Par ailleurs, les départements et la PJJ sont confrontés à une crise d'attractivité des métiers de la filière socio-éducative. Nous n'avons pas suffisamment de candidats aux concours, ce qui nous conduit à recruter des contractuels insuffisamment formés : ils sont 22 % au niveau national et peuvent atteindre 40 % à 45 % dans certains territoires, notamment dans les métiers de l'hébergement, les plus difficiles, qui requièrent du personnel aguerri. Cette situation constitue un risque pour les mineurs : il faut posséder un socle commun de connaissances pour leur offrir une prise en charge de qualité, d'autant qu'ils présentent de plus en plus de troubles mentaux, de problèmes de santé et d'addictions.

Dans un tel contexte, comment avancer ? Il ne suffit évidemment pas d'assister à des commissions – vous l'avez souligné –, même s'il est important que l'État soit représenté dans les instances de gouvernance nationale des dispositifs en question. Je suis cependant persuadée que c'est au niveau local que nous pouvons faire avancer les choses. Nos services déconcentrés s'efforcent d'assurer une présence dynamique de l'État dans les territoires, tout particulièrement dans les instances quadripartites, pleinement opérationnelles : elles sont l'occasion de dresser un état des lieux avec les départements, les magistrats du siège, ceux du parquet et la PJJ, de fixer des objectifs communs en matière de délais d'exécution des décisions de justice, d'identifier des dysfonctionnements et d'élaborer des solutions. Tous les départements n'en sont malheureusement pas dotés. Nous élaborons un décret qui vise à institutionnaliser ces commissions quadripartites, afin qu'elles se tiennent partout de manière régulière – idéalement, quatre fois par an –, sans dépendre du bon vouloir des départements.
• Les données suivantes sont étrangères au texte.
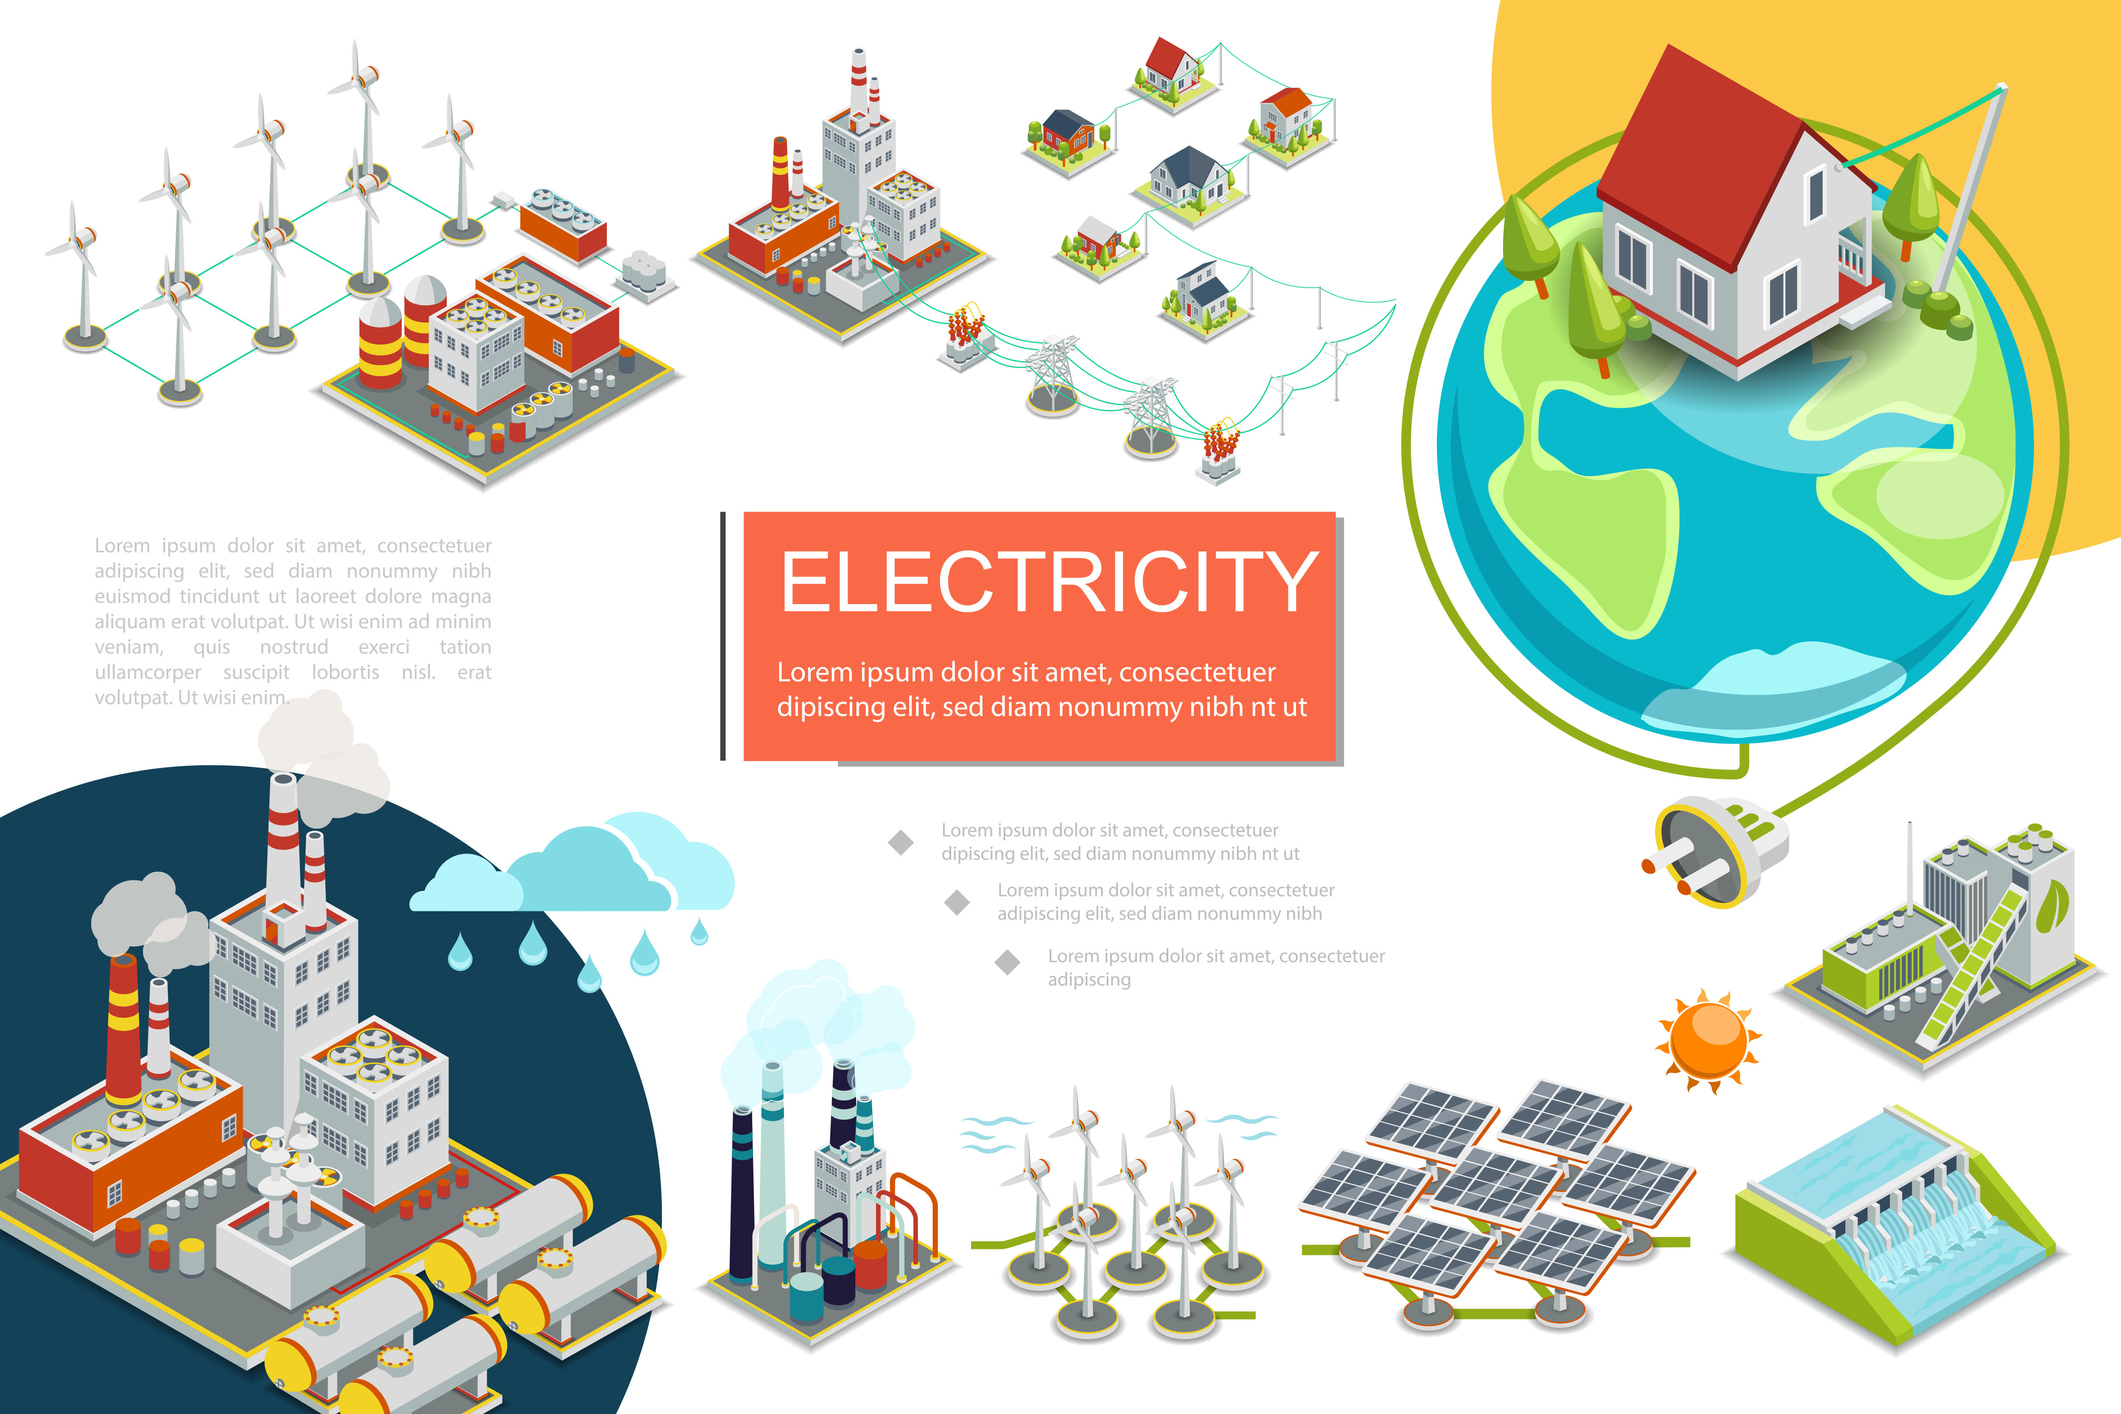 An infographic showing various sustainable energy sources in local communities

Nos services déconcentrés œuvrent résolument en ce sens.

Nous misons aussi beaucoup sur les CDPE, qui, pour le moment, sont expérimentés dans dix départements. Ils ont le mérite de mobiliser les acteurs des commissions quadripartites, mais aussi le préfet, le président du conseil départemental, divers acteurs du champ de la protection de l'enfance et les agences régionales de santé (ARS) – la présence de ces dernières étant essentielle pour mieux prendre en charge les problèmes d'addictions et de santé mentale.

Il nous paraîtrait utile d'unifier les observatoires départementaux de la protection de l'enfance et les CDPE ; la gouvernance de ces instances y gagnerait en lisibilité.